Disqus Bug Deanonymizes Commenters

alphatel writes "The Swedish company Resarchgruppen has discovered a flaw in the Disqus commenting system, enabling them to identify Disqus users by their e-mail addresses. The crack was done in cooperation with the Bonnier Group tabloid Expressen, in order to reveal politicians commenting on Swedish hate speech-sites."

Disqus is evil

[johnsie]

One company being able to build up a collection your comments and opinions across multiple websites.... Thank goodness I only comment on Slahsdot

Re:Damn!

[TWX]

Bear in mind, most of the people the world haven't structured their lives to understanding technology. They may like technology, they may be technology groupies, but they probably haven't really contemplated the ramifications of technology or how it can be used differently than their preconceived notions. They probably don't necessarily get that databases can be cross-referenced so easily or that unless they're willing to go through a specific amount of work each and every time they want to obfuscate their identities, it's likely that someone can figure out who they are.

Another thing to remember, it's never really been possible to be truly anonymous when saying something in text. In the days when the printing press was the preferred way, one still had to have trusted people to help print and distribute the words. In early electronic days when dialup was king, there were always phone records and one had to have accounts on bulletin boards, and systems like fidonet kept origination records. In the days of Usenet, messages could at least be tracked back to a newsserver of origin, and assuming that records were kept, the ISP information could be found and then the subscriber account could be identified.

Nowadays, unless the person wants to take the special laptop that's only used for this purpose, with a special add-on wifi adapter, go park next to a public wifi hotspot and use that public connection, being sure to store the equipment far enough away from themselves when not using it for plausible deniability, there's really isn't true anonymity. If one wants to truly remain anonymous, one generally has to not say anything. That's the tradeoff, true anonymity comes at the price of nonparticipation.

Re:I do.

You're not the one who gets to decide what is unacceptable; prospective employers do. If employers see something that is, to you, completely innocuous or just a tad embarrassing, and they find it offensive or unacceptable, it's not really going to matter how minor you believe it is. Using your real name is just stupid.

Re:A simpler approach

Actually Expressen are not revealing the identifies of politicians who commented on expressen.se, they are revealing the identities of commenters on racist / xenophobic sites friatider.se and avpixlat.info. The articles and comments on these sites are mostly very harsh, distastefully racist, and written anonymously. They have identified very racist commenters as members of the controversial, Swedish far-right, and most would say racist, party Sverigedemokraterna. The SD-party works hard to portray a more polished image, with for example a "zero tolerance policy on racism", which equates to you might be kicked out if you say or do something too obviously racist. SD has it roots in the 90s far-right racist movement in Sweden (http://www.youtube.com/watch?v=LZWsZyShR_s), and one their mottos is "Sweden for the Swedish". The party is definitely mostly racist, but their official political stance is more xenophobic and social conservative, with a few immigrants joining their ranks complaining, for example, that it is the Somali or immigrants who are the "real problem".
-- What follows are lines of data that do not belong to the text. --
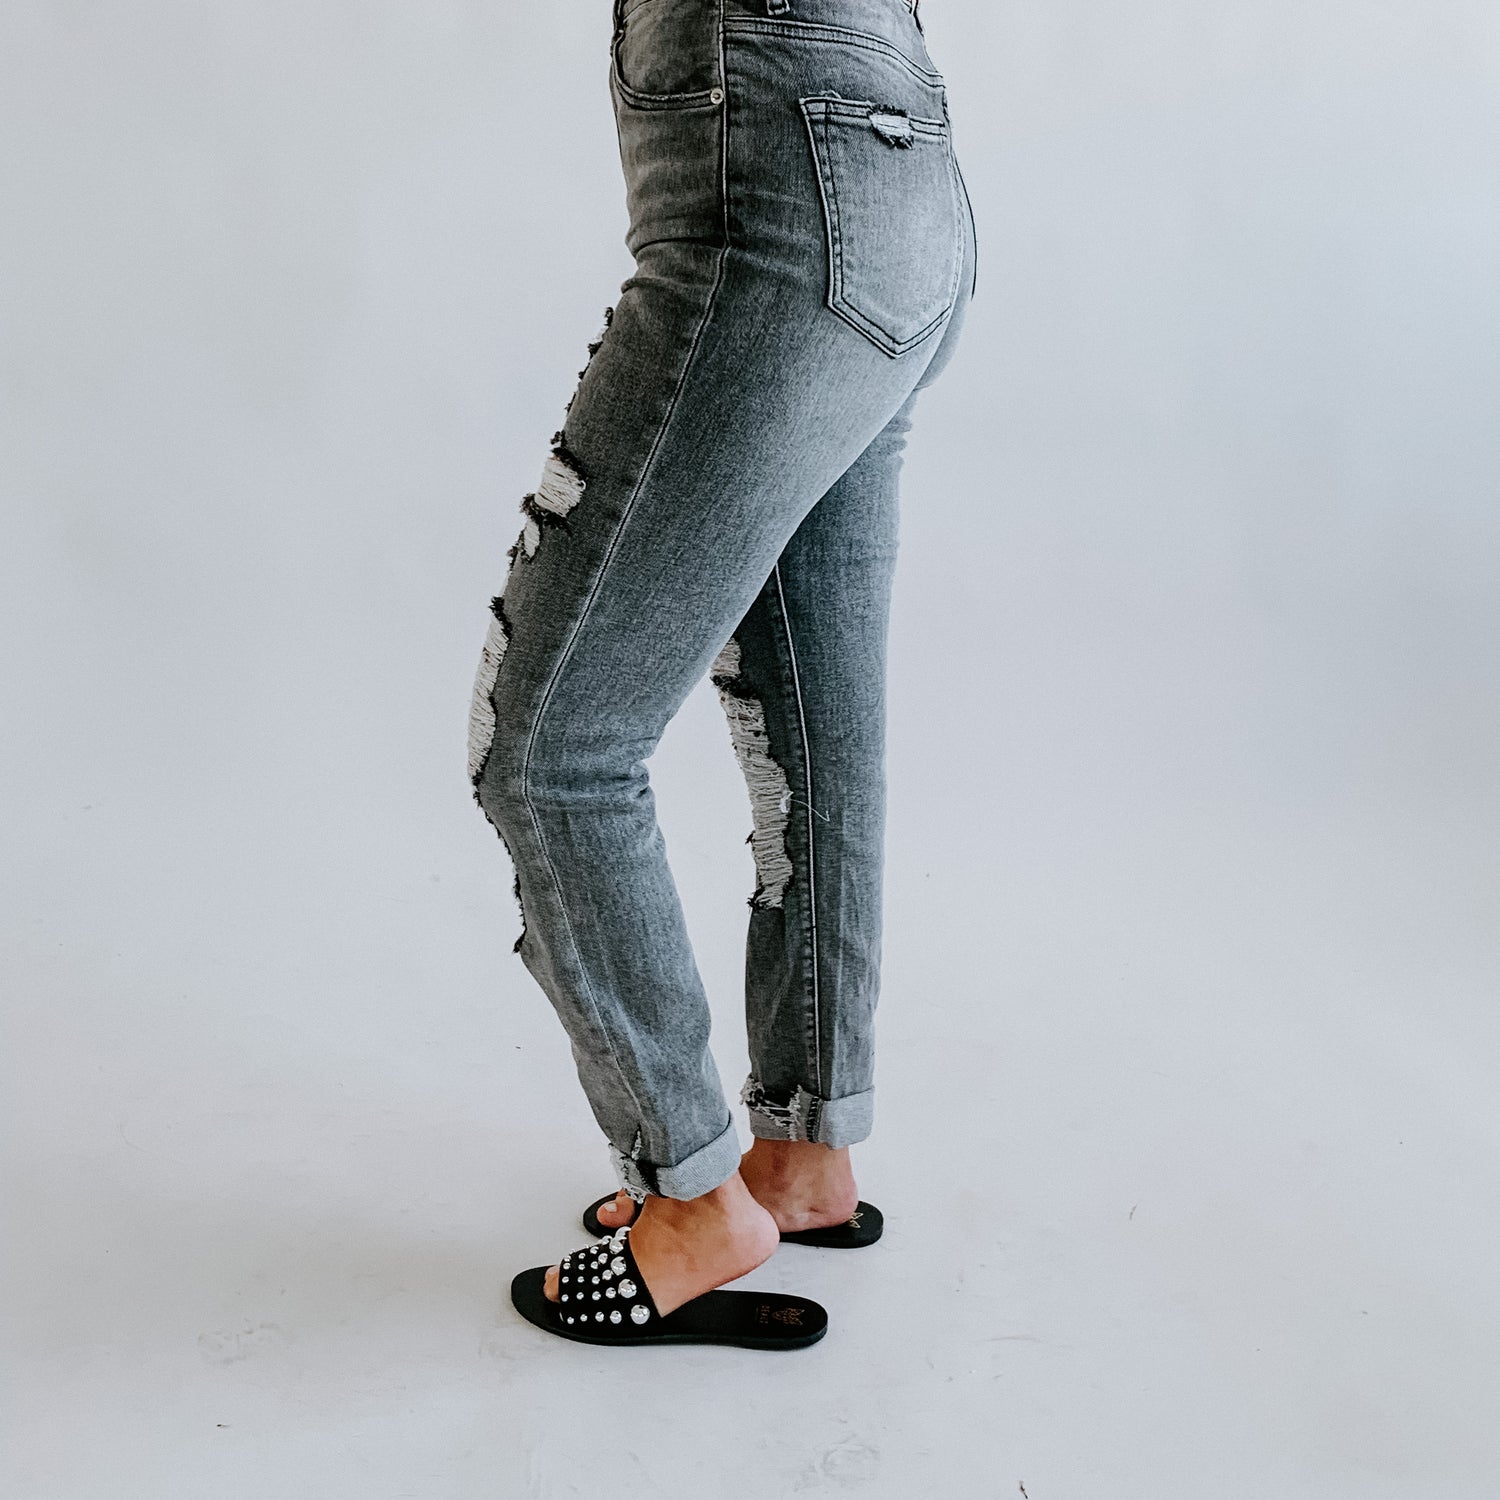 Selby Distressed Relaxed Skinny Jean FINAL SALE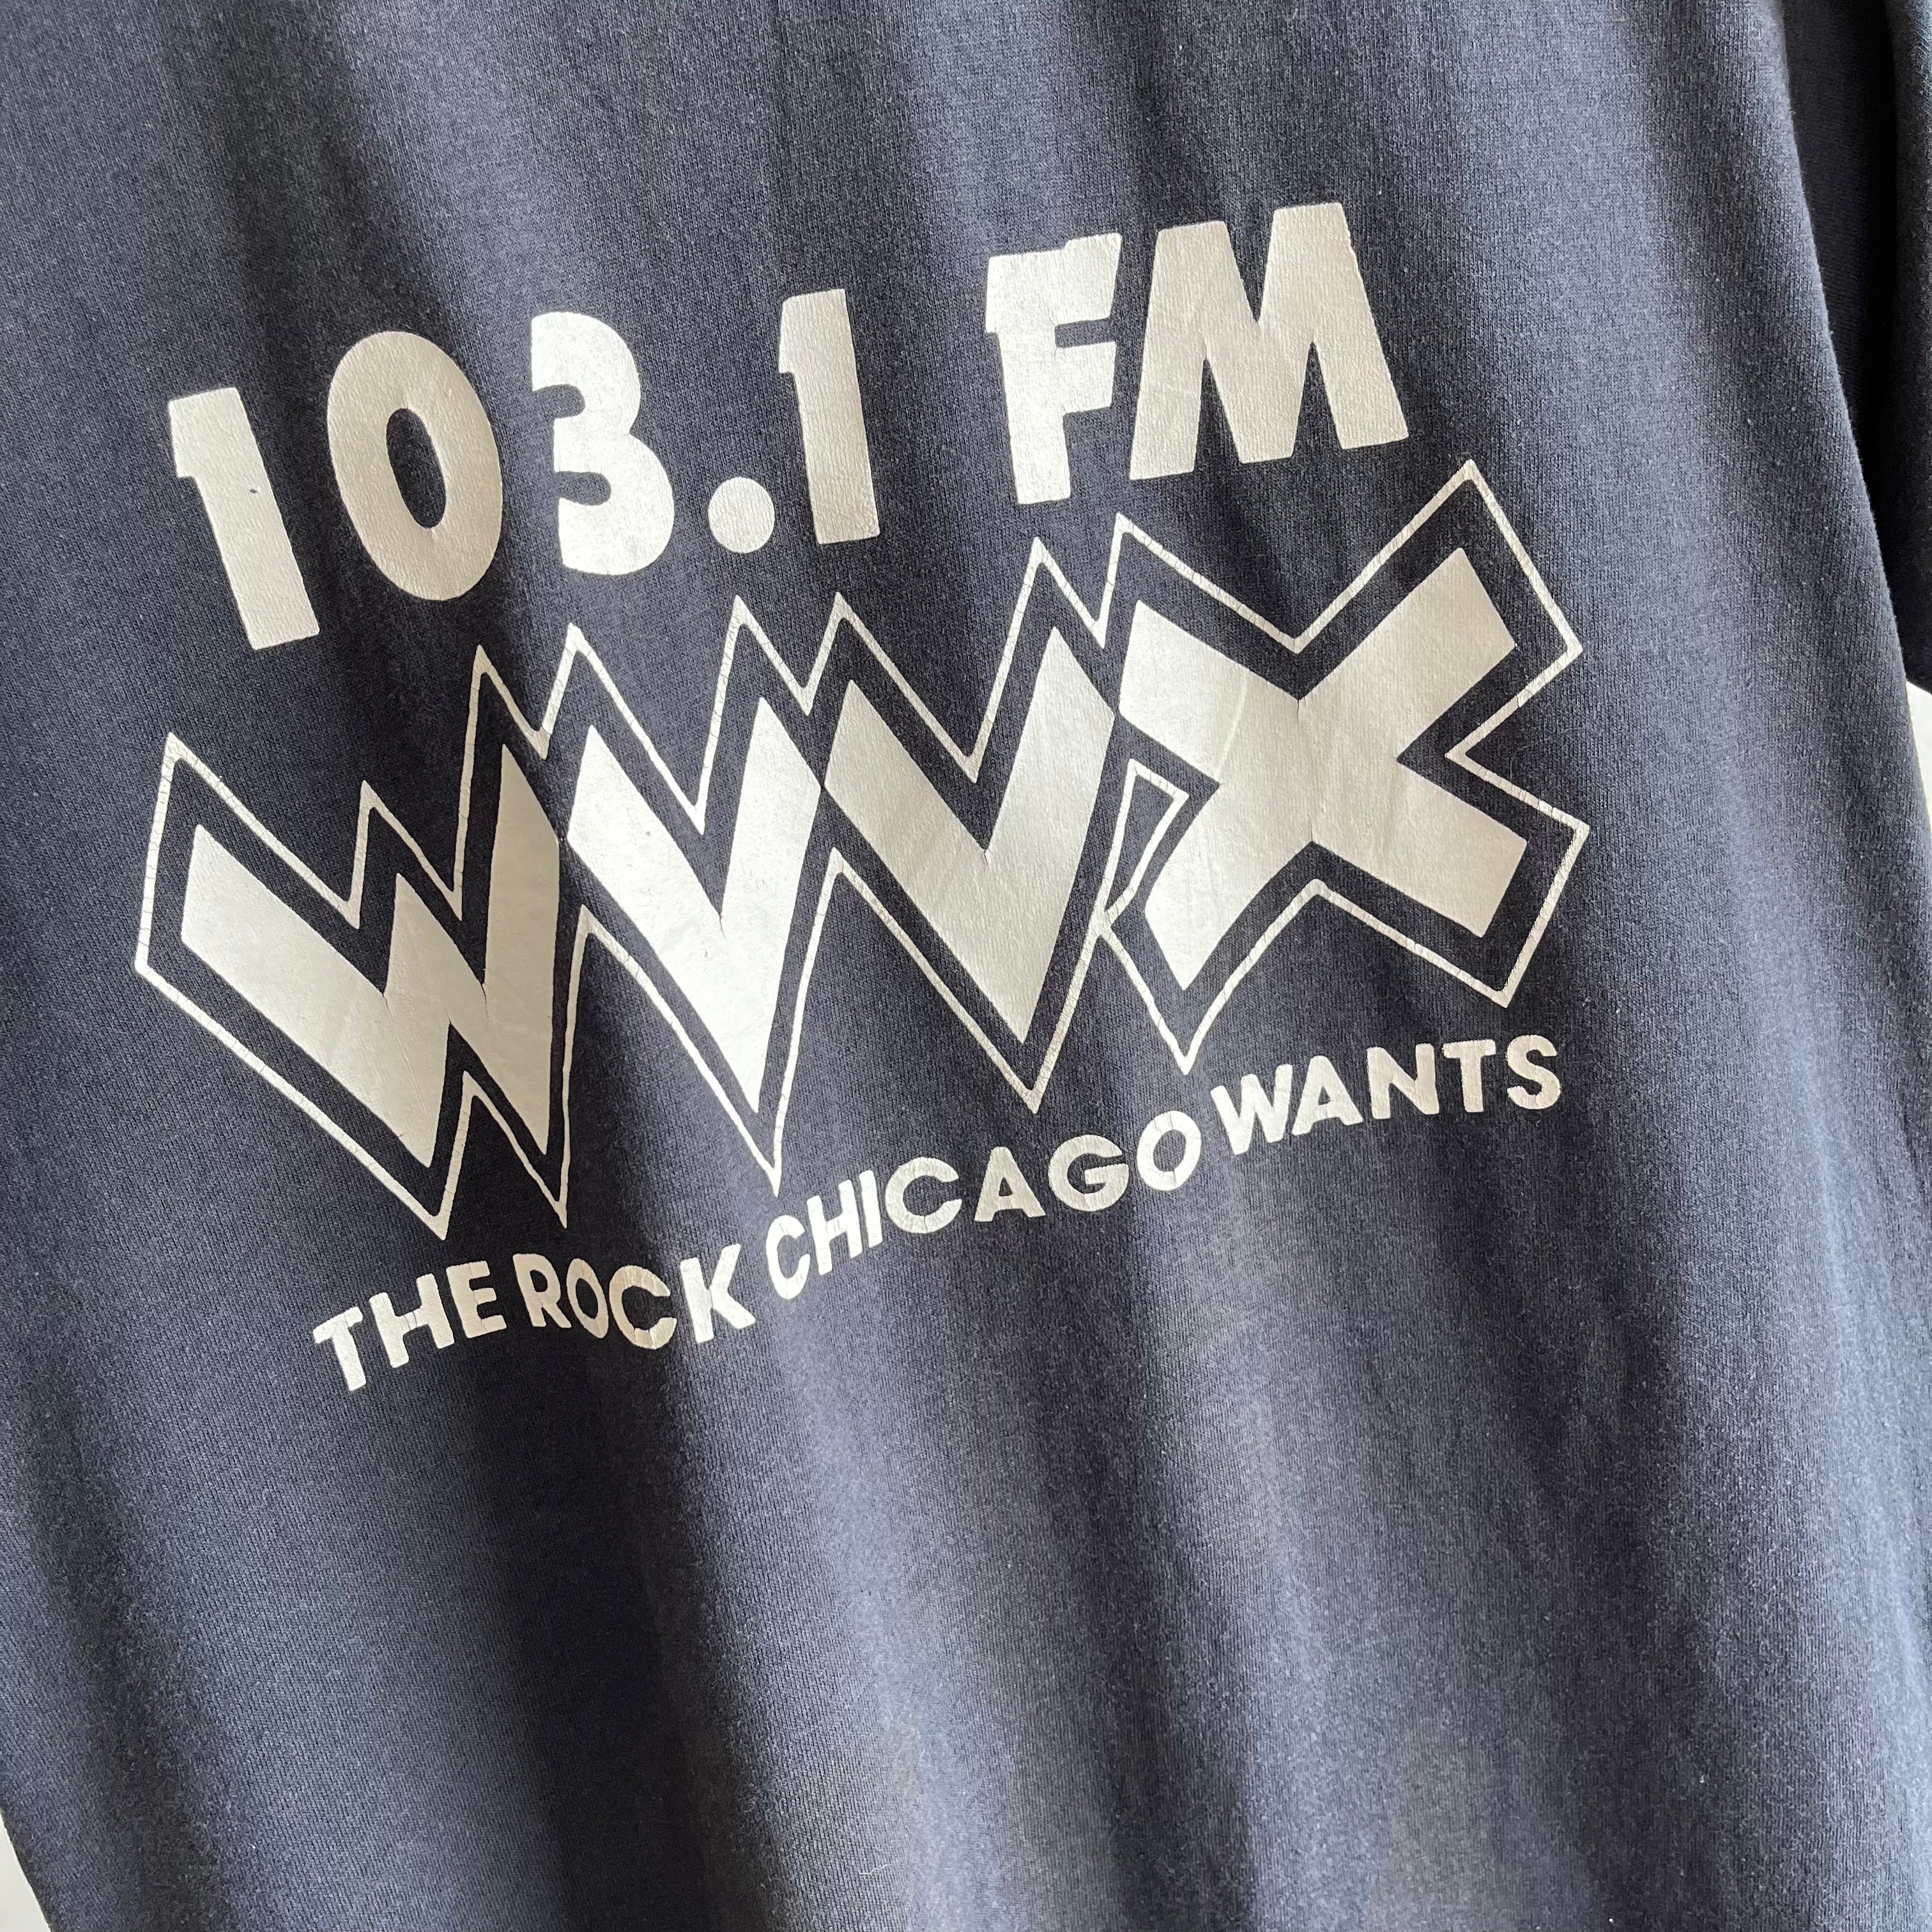 1980s 103.1 WVVX The ROck Chicago Wants T-Shirt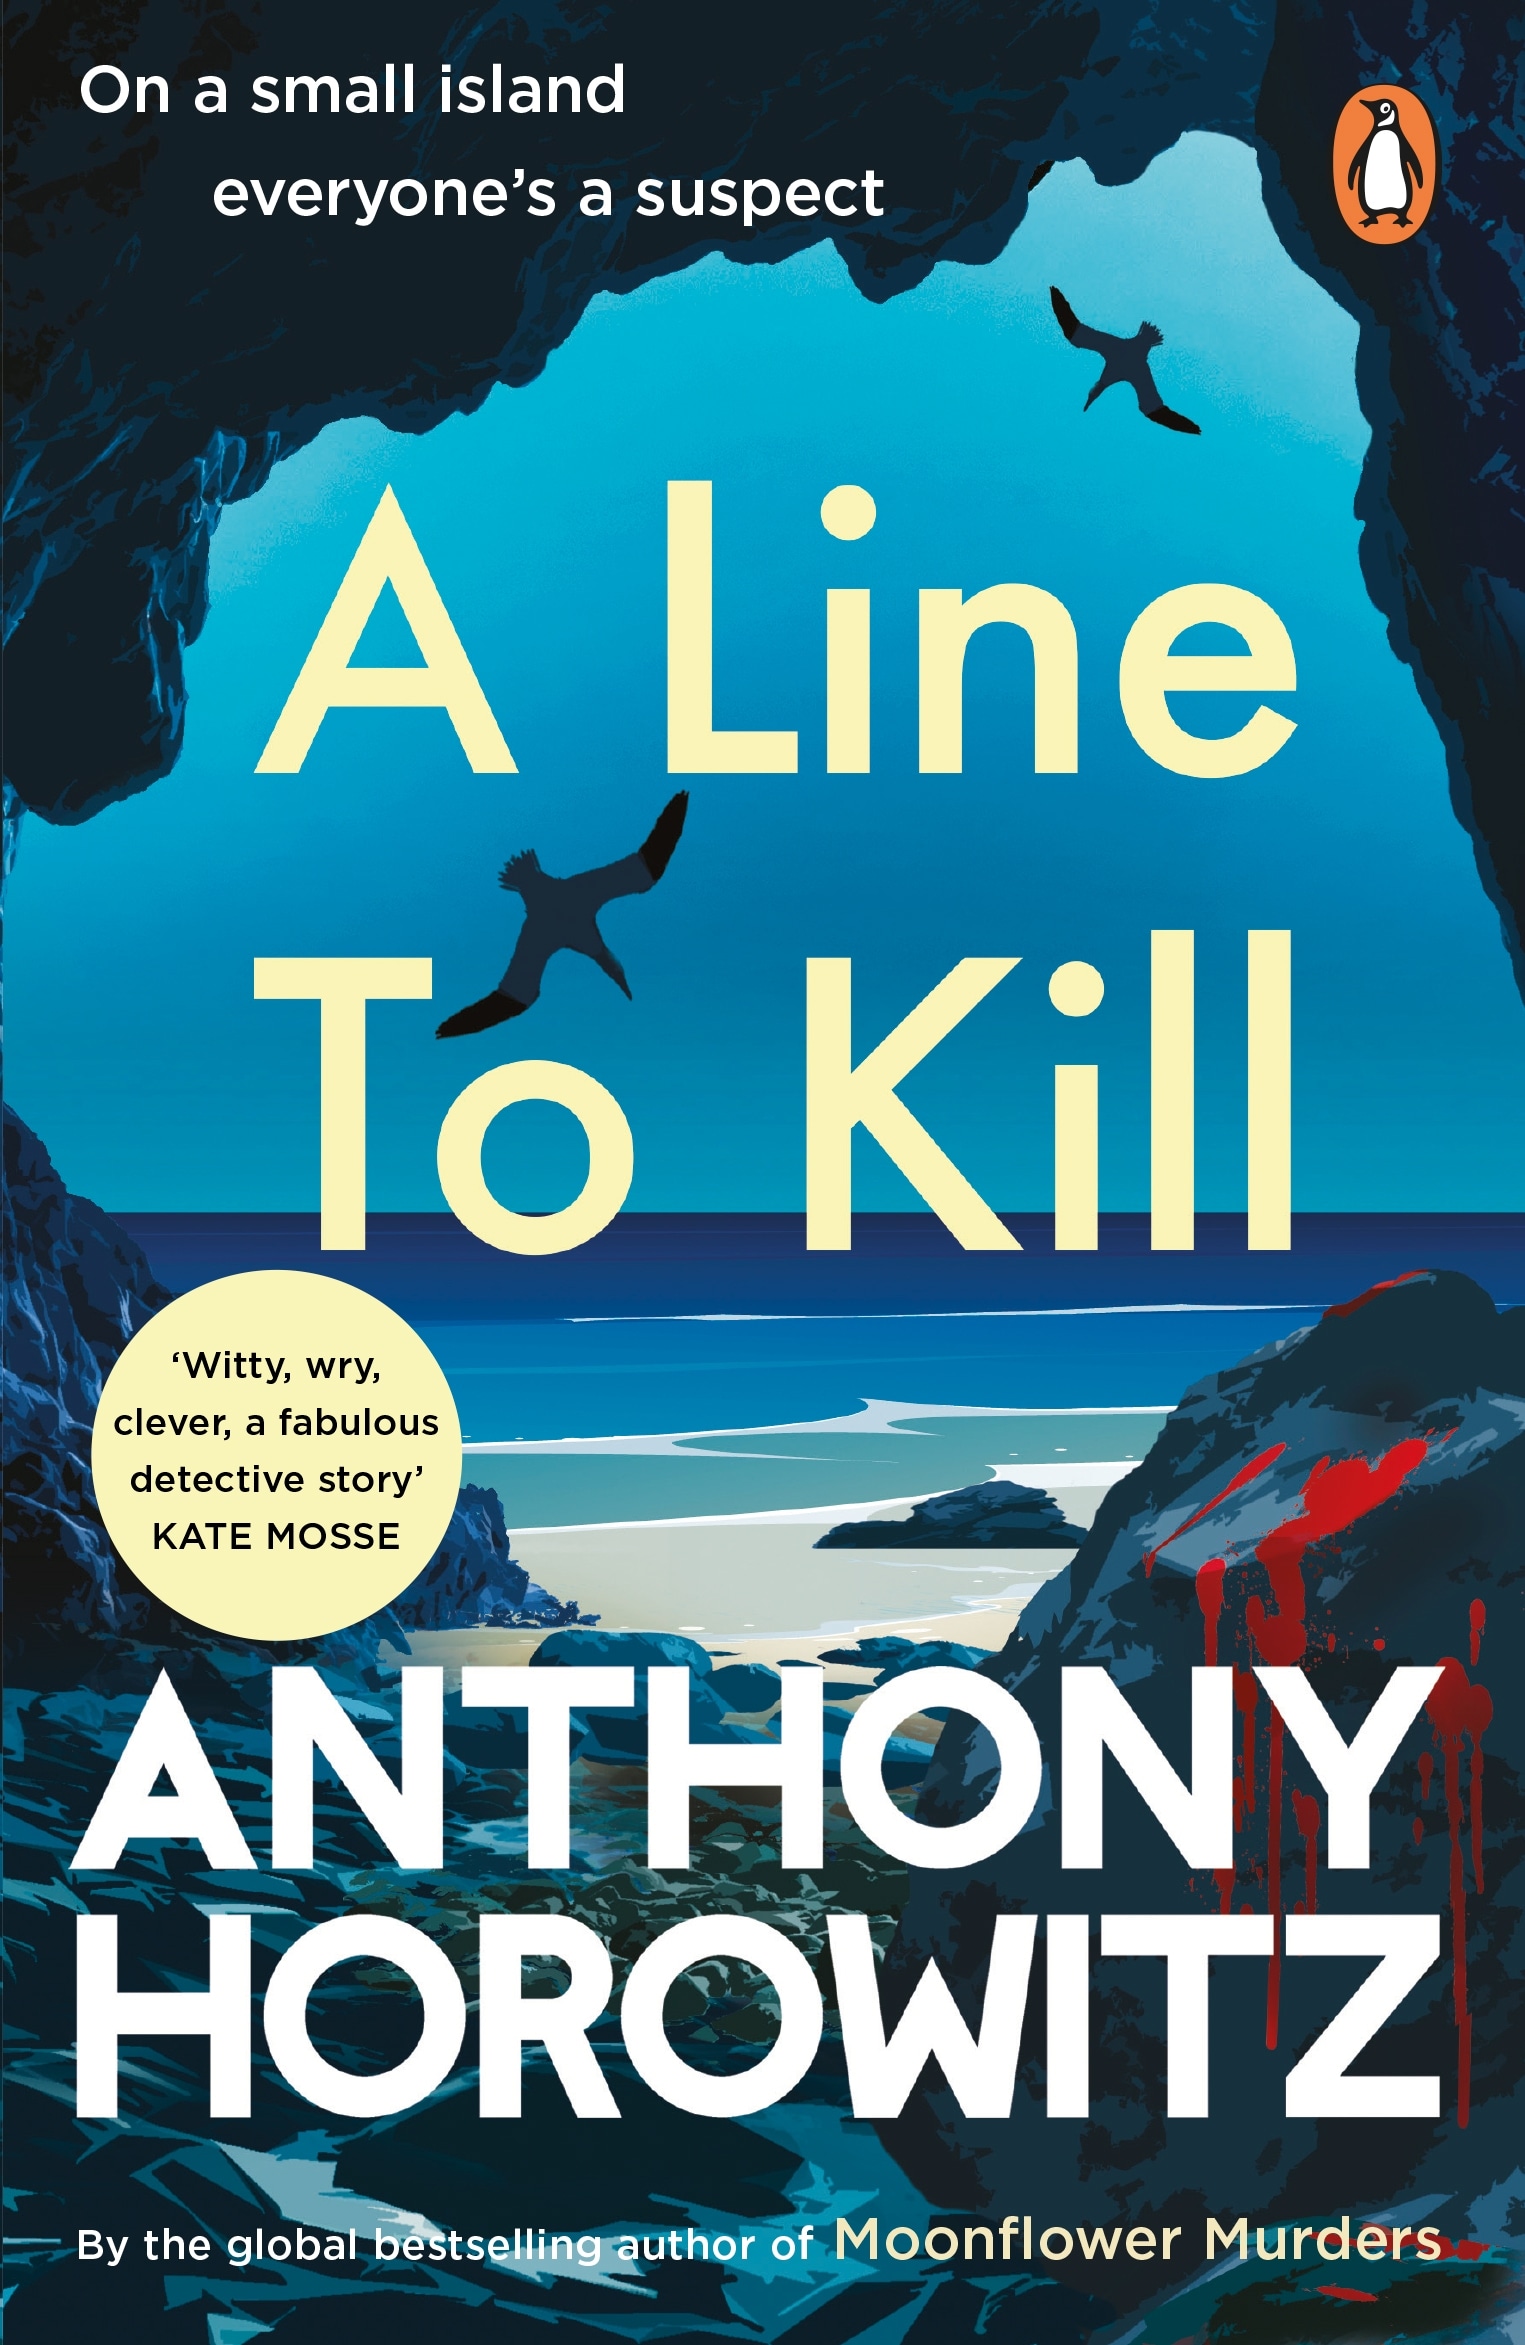 Book “A Line to Kill” by Anthony Horowitz — March 17, 2022

Researchgruppen used a Disqus security flaw to find out which e-mail addresses were behind some of these racist commenters, and are now revealing that behind the nicknames were SD-politicians. So.. This is a big win for Expressen, since the Swedish mainstream media and most Swedes are sworn enemies to Sverigedemokraterna.

And on another note.. Congratulations to Flashback, the quite huge, Swedish, non-profit, ultra-liberal and quite lawless discussion forum, which has absolute free speech and therefore has become illegal to run from Sweden (it's now run from abroad). Flashback has through the years succeeded in keeping their users anonymity safe and freedom to speak total, no doubt without attempts form the Swedish state, police and media to the contrary - since flashback has become the main for hub for discussions about controversial subjects like drugs, racism and much more.

How it was done:

[140Mandak262Jamuna]

Disqus site had md5 hashes of users' email addresses. Some flaw in the site leaked the hashes and made them public. They probably thought nobody could reverse the hash. But they did not "salt" the email ids. So simple dictionary attack, of hashing millions of known email ids, produced matches. Now they can link email ids to disqus user ids.

Morals of the story:

don't leak hashes.

Salt the data before hashing

Don't trust any website to value your anonymity over their profits.